Hicks is considering the purchase of a new computer system for $80,000, plus the 6 percent Ohio State sales tax. The system will require an additional $10,000 for installation. If the new computer is purchased it will replace an old system that has been fully depreciated. The computer system, which has a useful life of 10-years, is expected to increase revenues by $32,000 per year over its useful life. Operating costs are expected to decrease by $2,000 per year over the life of the system.

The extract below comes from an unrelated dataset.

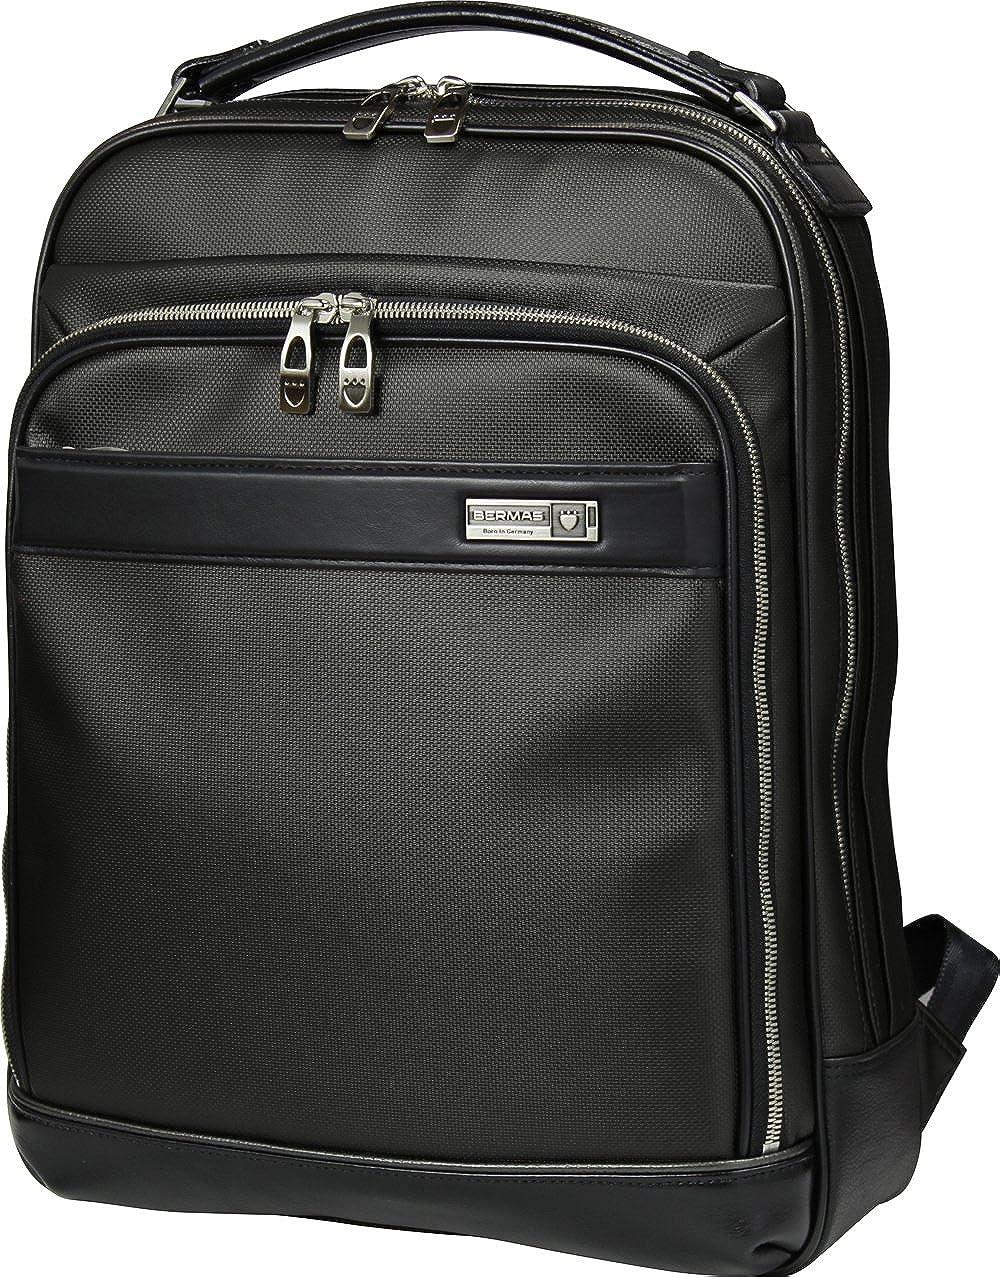 BERMAS バーマス M.I.J MADE IN JAPAN ビジネス 2way ビジネス リュックサック バックパック B4 日本製 豊岡鞄 ブラック 60038-BK B01I38XZMK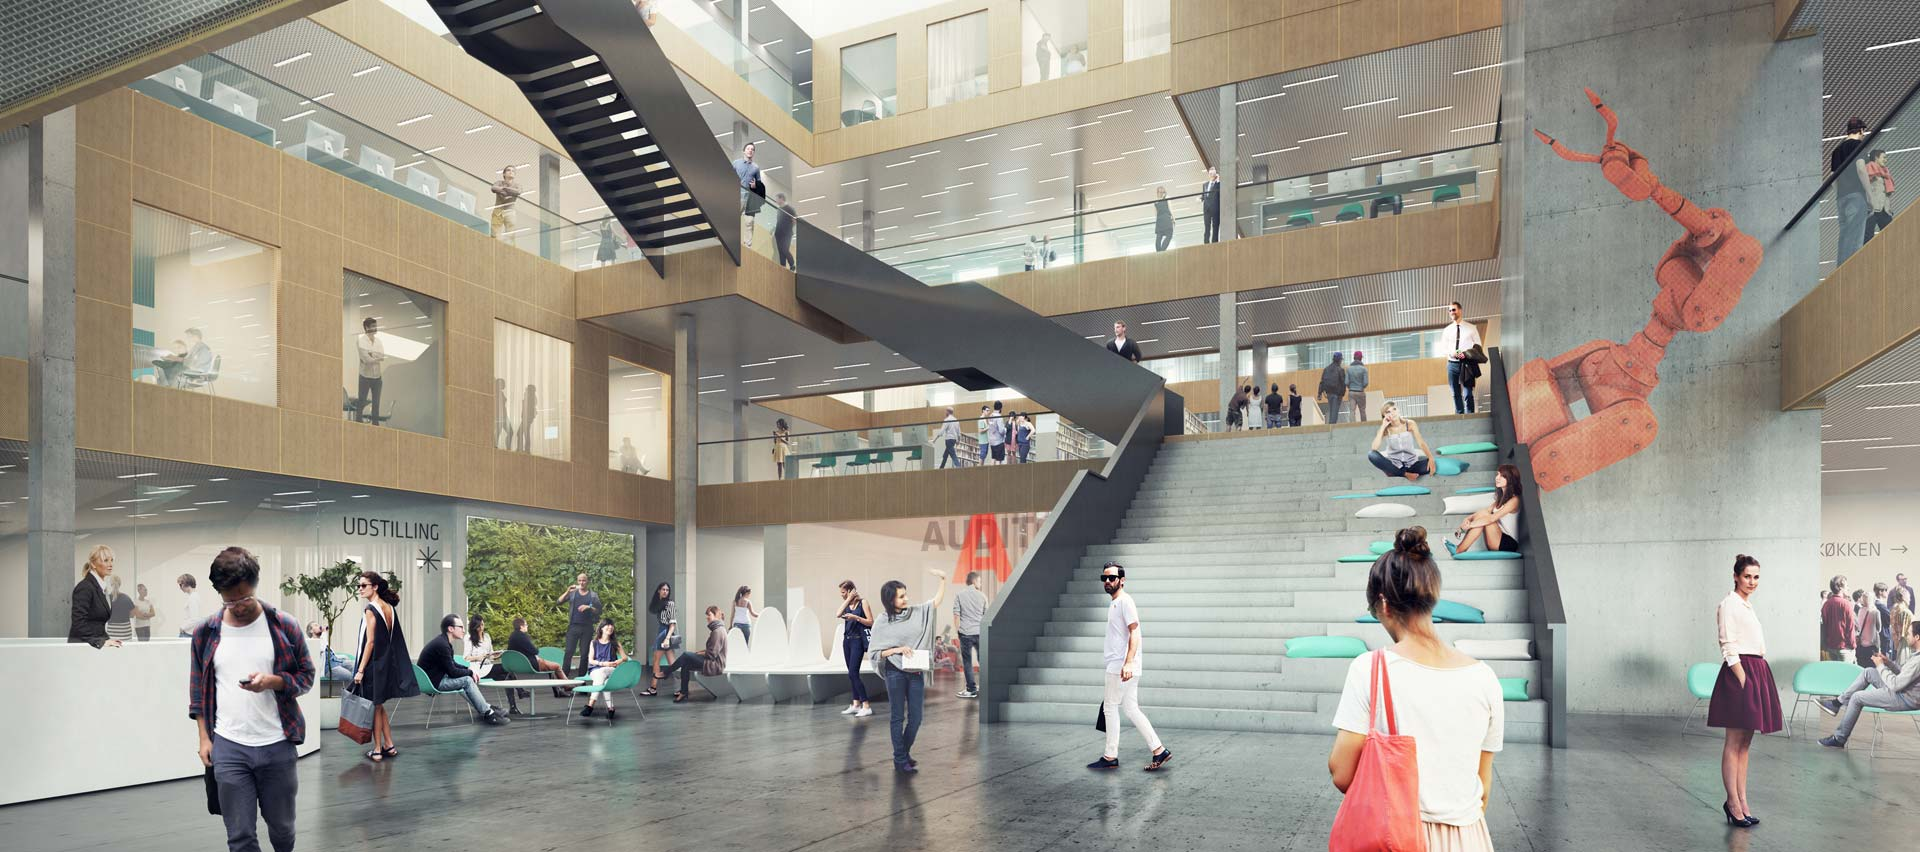 erhvervsakademi-lillebaelt_henning-larsen-architects02

Hicks has a 10 percent cost of capital.
(a) Calculation of net investment:-
Particulars | Amount($) |
Purchase Price of new computer system | 80,000 |
Add- State Sales Tax (6%) (80000*6/100) | 4,800 |
Add- Installation Cast | 10,000 |
Net Investment cost | $94,800 |
(b) Computation of Annual Net Cash FLow:-
Year | Reveue($) | Cost($) | Net cash Flow($) |
1-10 | 32000 | -2000 | 30000 |
(c) Calculation of project IRR:-
NPV= P.V of Cash Inflow - P.V. of Cashoutflow
0= 30,000 * PVAF - 94800
Now, we will calculate IRR
Year | Cash Flow | PVAF@25% | NPV | PVAF30@ | NPV |
0 | -94800 | 1 | -94800 | 1 | -94800 |
1-10 | 30000 | 3.5705 | 107115 | 3.0915 | 92745 |
NPV | 12315 | -2055 |
IRR= Lower Rate+ Lowerr rate NPV / Lower rate NPV- Higher Rate NPV * higher rate -lower rate
= 25+ 12315 / 12315-(-2055) * (30-25)
IRR = 29.28%
Project Payback time:-
= Total Invertment / Net cash flow
= $94,800 / $30000
= 3.16
(d) In the given cash Hicks can purchase new computer.